* Work request: Every line of the data below must be output exactly, with images left out.

* Dataset content:
--

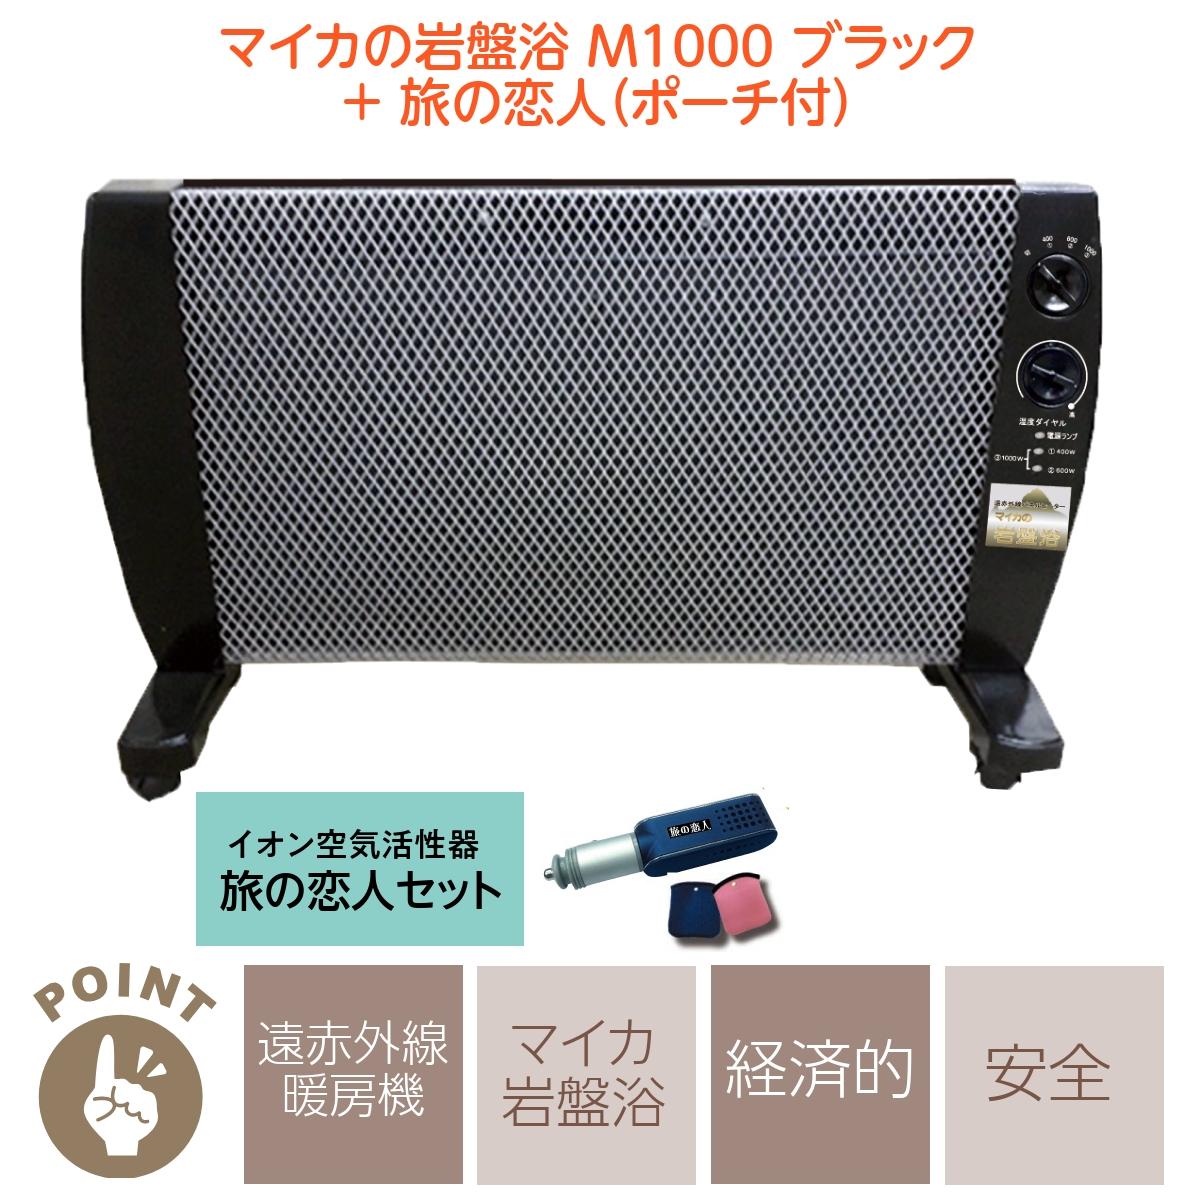 マイカの岩盤浴 M-1000 ブラック + 旅の恋人(ポーチ付)  遠赤外線暖房機  株式会社エム・エイチ・シー
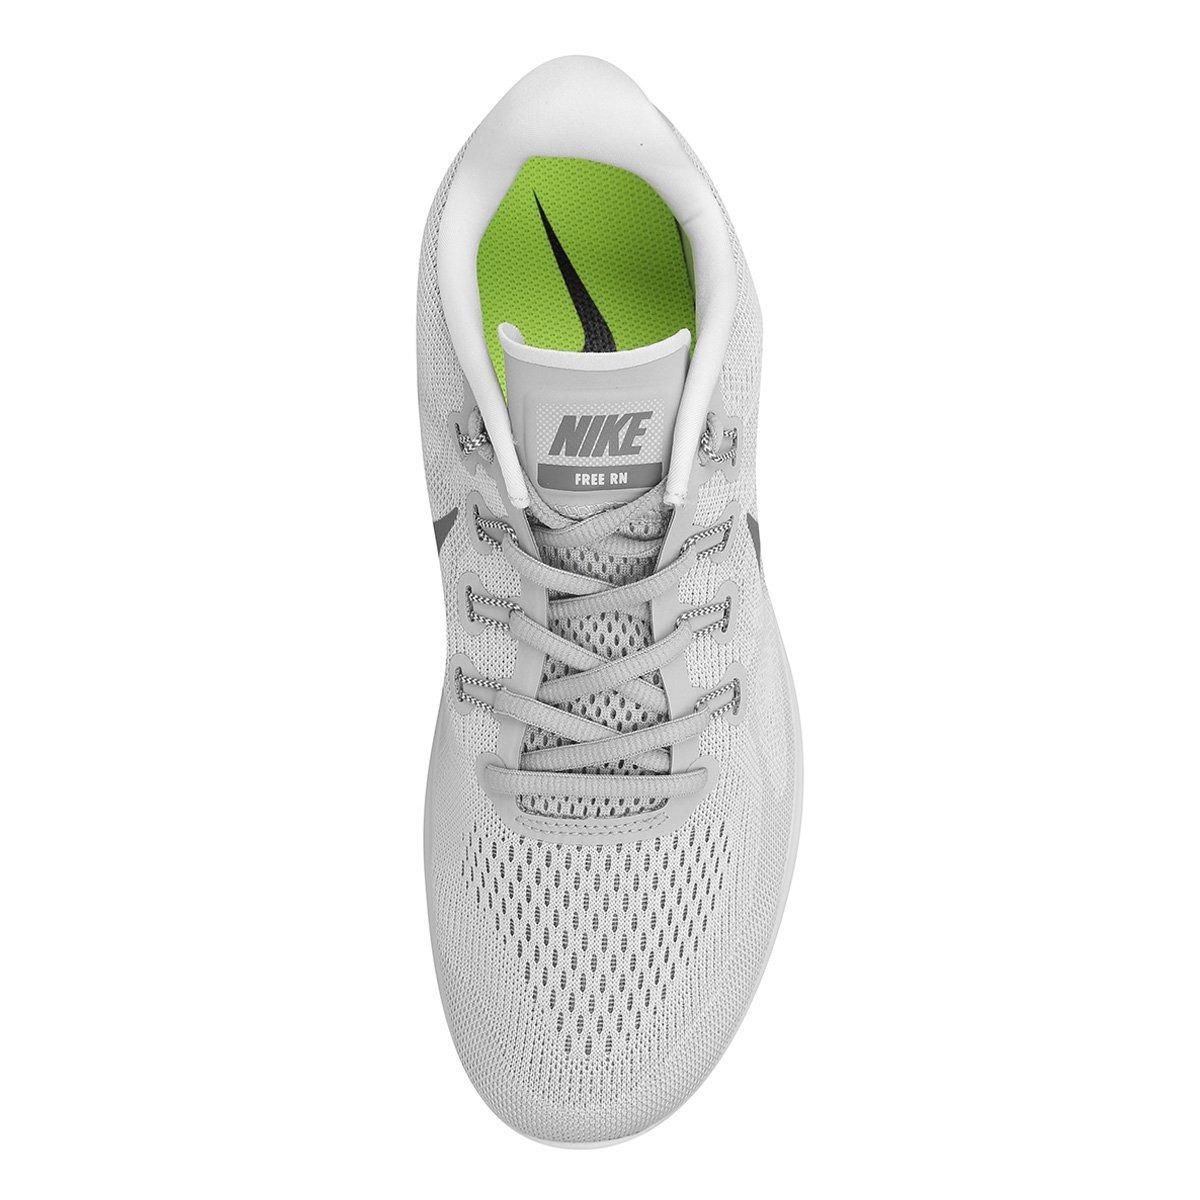 e3346a28f0213 zapatillas nike free rn 2 - gris. Cargando zoom.
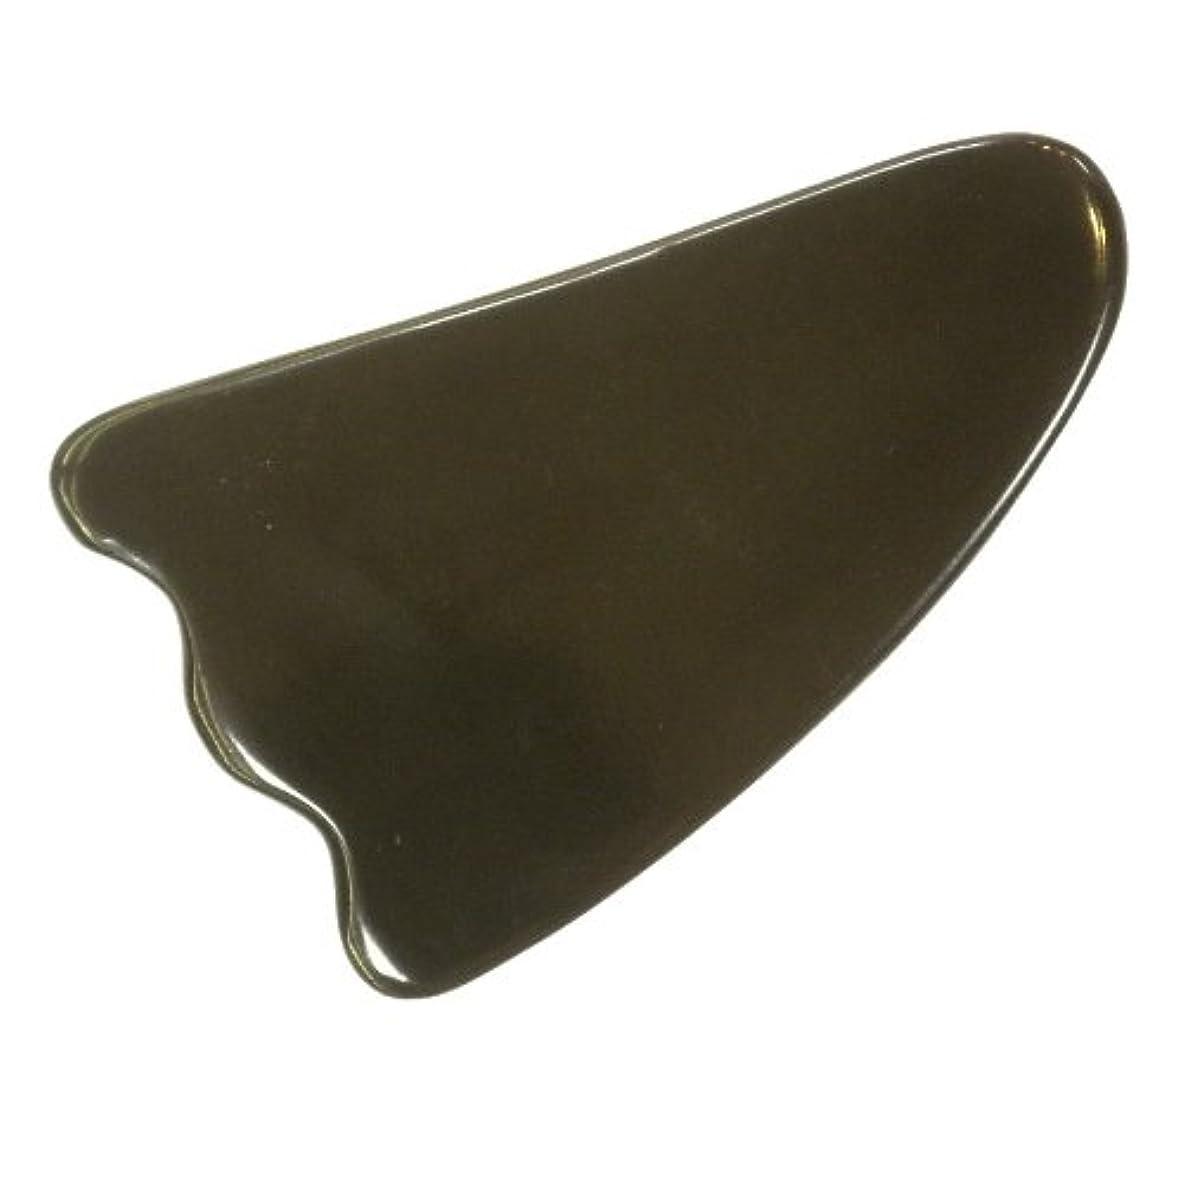 無効にする死の顎発見するかっさ プレート 厚さが選べる 水牛の角(黒水牛角) EHE213SP 羽根型 特級品 厚め(7ミリ程度)
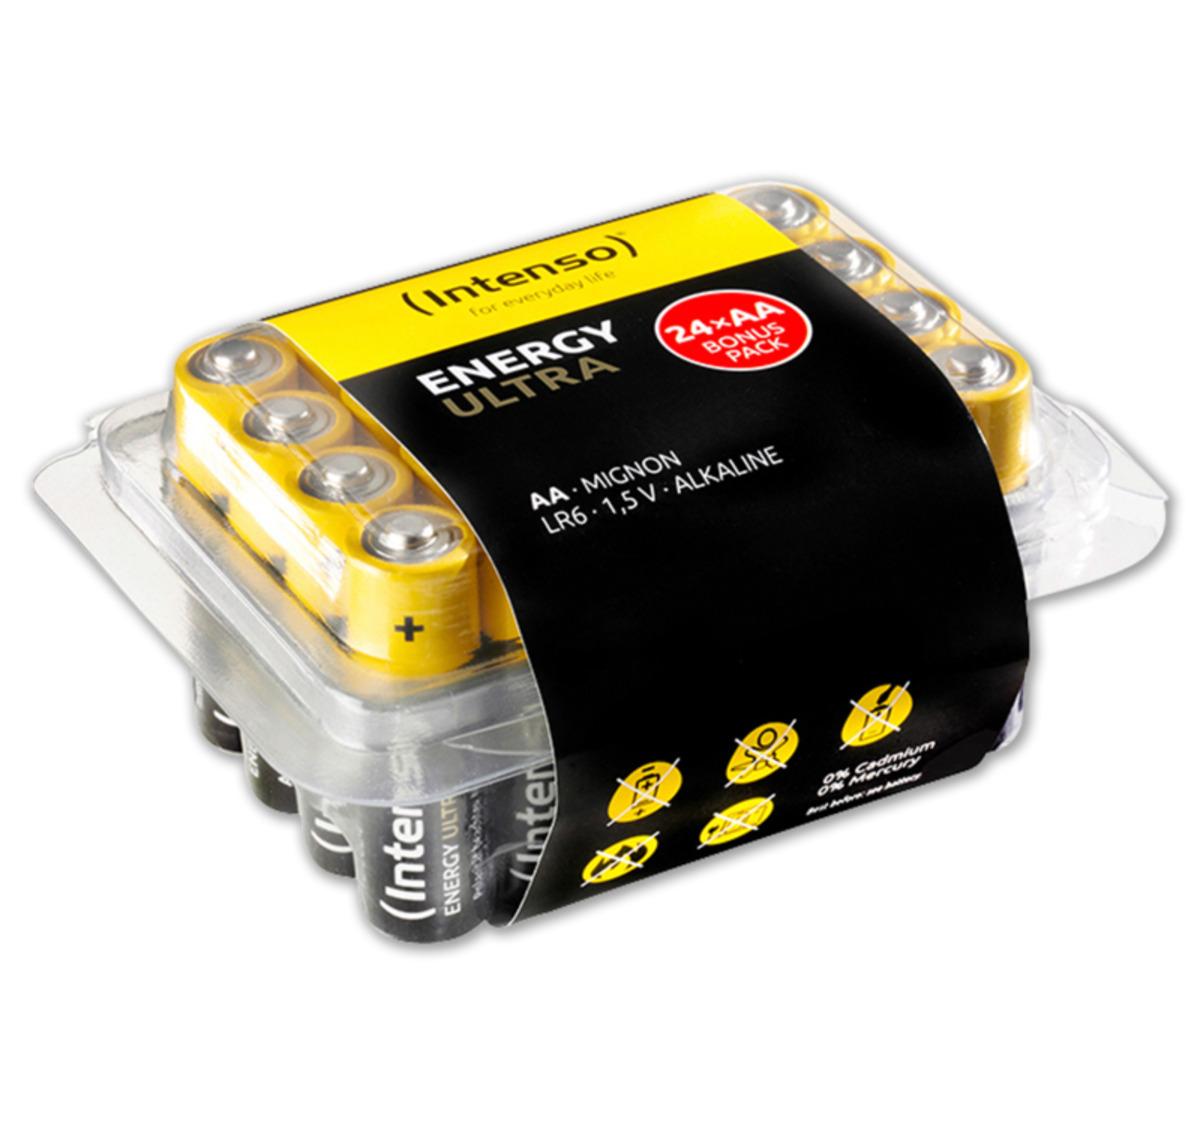 Bild 3 von INTENSO Batterien Energy Ultra

--

* Answer section:
 マイカの岩盤浴 M-1000 ブラック + 旅の恋人(ポーチ付)  遠赤外線暖房機  株式会社エム・エイチ・シー
 e3346a28f0213 zapatillas nike free rn 2 - gris. Cargando zoom.
 無効にする死の顎発見するかっさ プレート 厚さが選べる 水牛の角(黒水牛角) EHE213SP 羽根型 特級品 厚め(7ミリ程度)
 Bild 3 von INTENSO Batterien Energy Ultra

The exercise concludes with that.